The raw and flattened GA4 data in BigQuery is stored as a table of events - each row, or record, represents an event. Both the raw and flattened GA4 data are stored in partitioned tables, which are more efficient to query than sharded tables. A count of all records on a day will give you the total number of events that were recorded on that day. A count of all records on a day filtered to only show records with the event name ‘page_view’ will give you the total number of page views recorded on that day. Metrics such as users and sessions need to be calculated. Some example SQL to find common GA4 metrics can be found on the ‘Find things in GA4’ page.

Querying GA4 data in BigQuery

If you are unfamiliar with BigQuery, it may help to review Google’s documentation explaining the BigQuery user interface.
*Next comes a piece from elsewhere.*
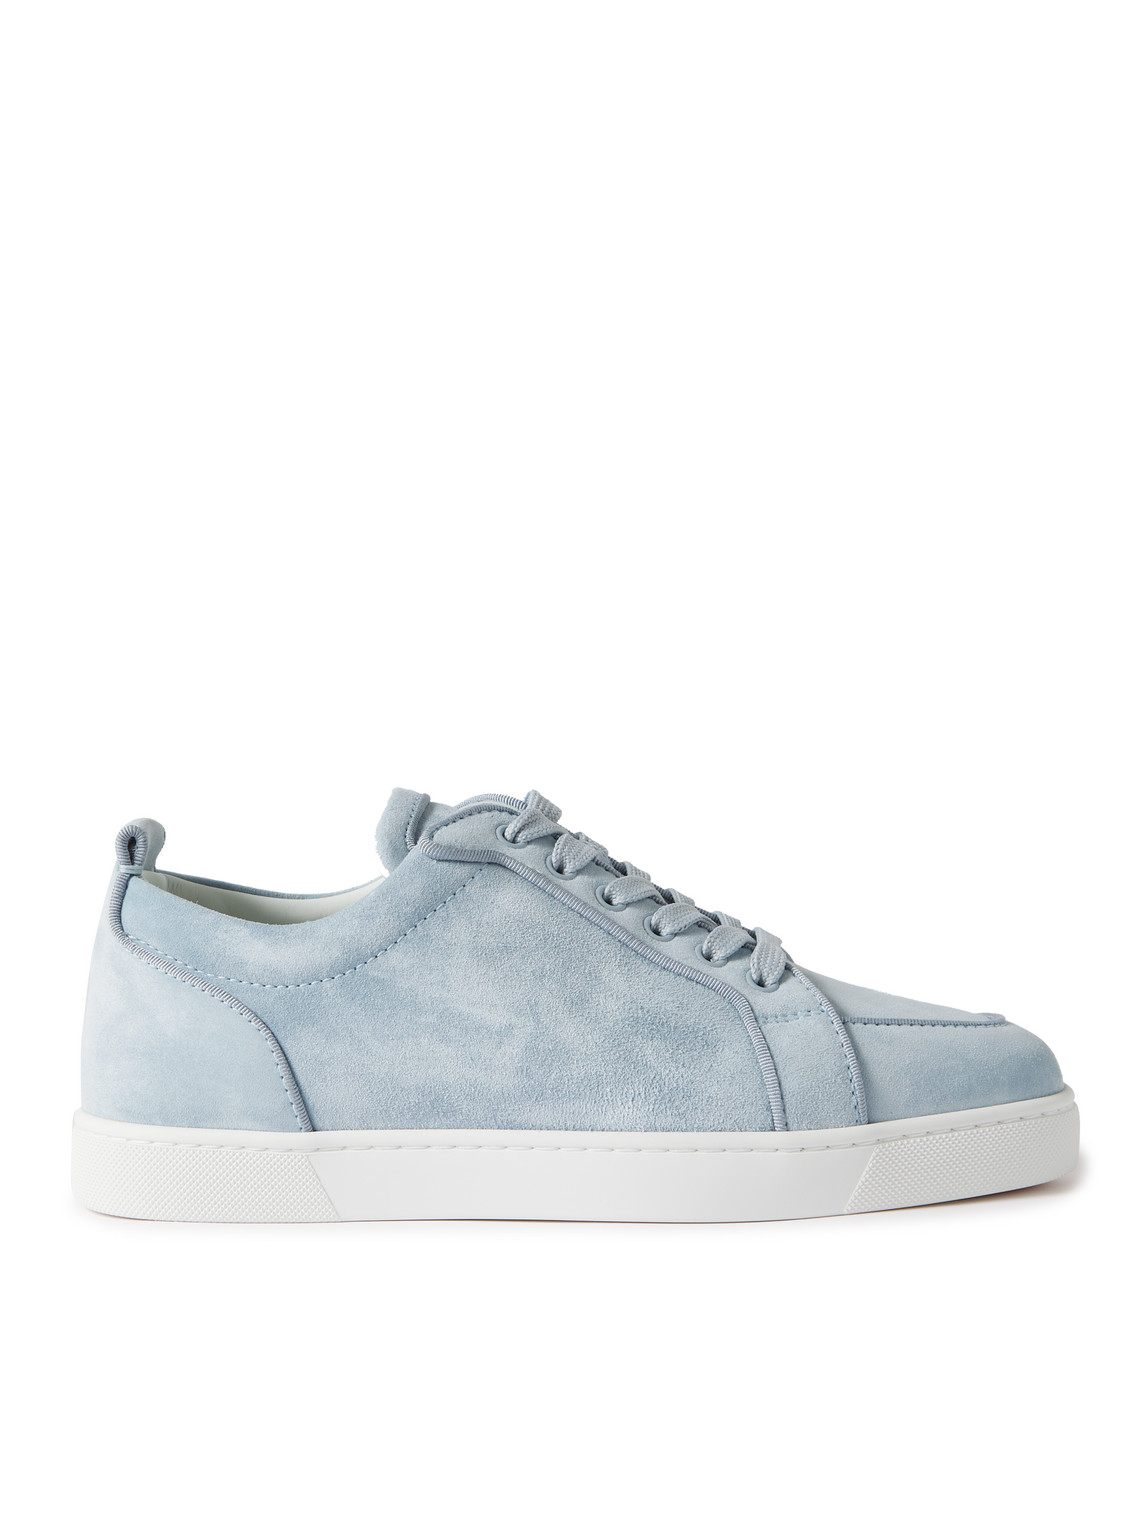 Christian Louboutin Rantulow Suede Trainers In Blue

To query GA4 data in BigQuery you will have to have permissions to view the data and to run queries in whichever project you are running the query in. If your query fails to run, check whether you are running the query from the right project, and check the error message to see if there was a role or permission error.

You can save queries in BigQuery to return to later.

There are quotas in place on querying in BigQuery to ensure that costs do not get too high. More information on these can be found in the quotas guidance. Details of the specific quotas set on various projects can be found under each project on the GCP projects page.

Best practice

Do not SELECT *

Avoid selecting all (SELECT *) - there are very few circumstances where you actually need every column from the data source! If you would like to see what is in the dataset, you can PREVIEW a table in the BigQuery interface.

Use flattened data sources

Where possible, use the flattened data source. The flattened tables are much more efficient to query, and should be easier to use as well.

Always define date ranges

If you are running queries in BigQuery or connecting to BigQuery data, make sure to define your date range. Using a wildcard in the place of the date at the end of the table queries all the flattened tables (the entire history of the data) and costs can rack up pretty quickly due to the amount of data we are collecting and storing. Either specify a date in the tables you are selecting data from or make sure to use a WHERE statement where you define the date (or dates) you want.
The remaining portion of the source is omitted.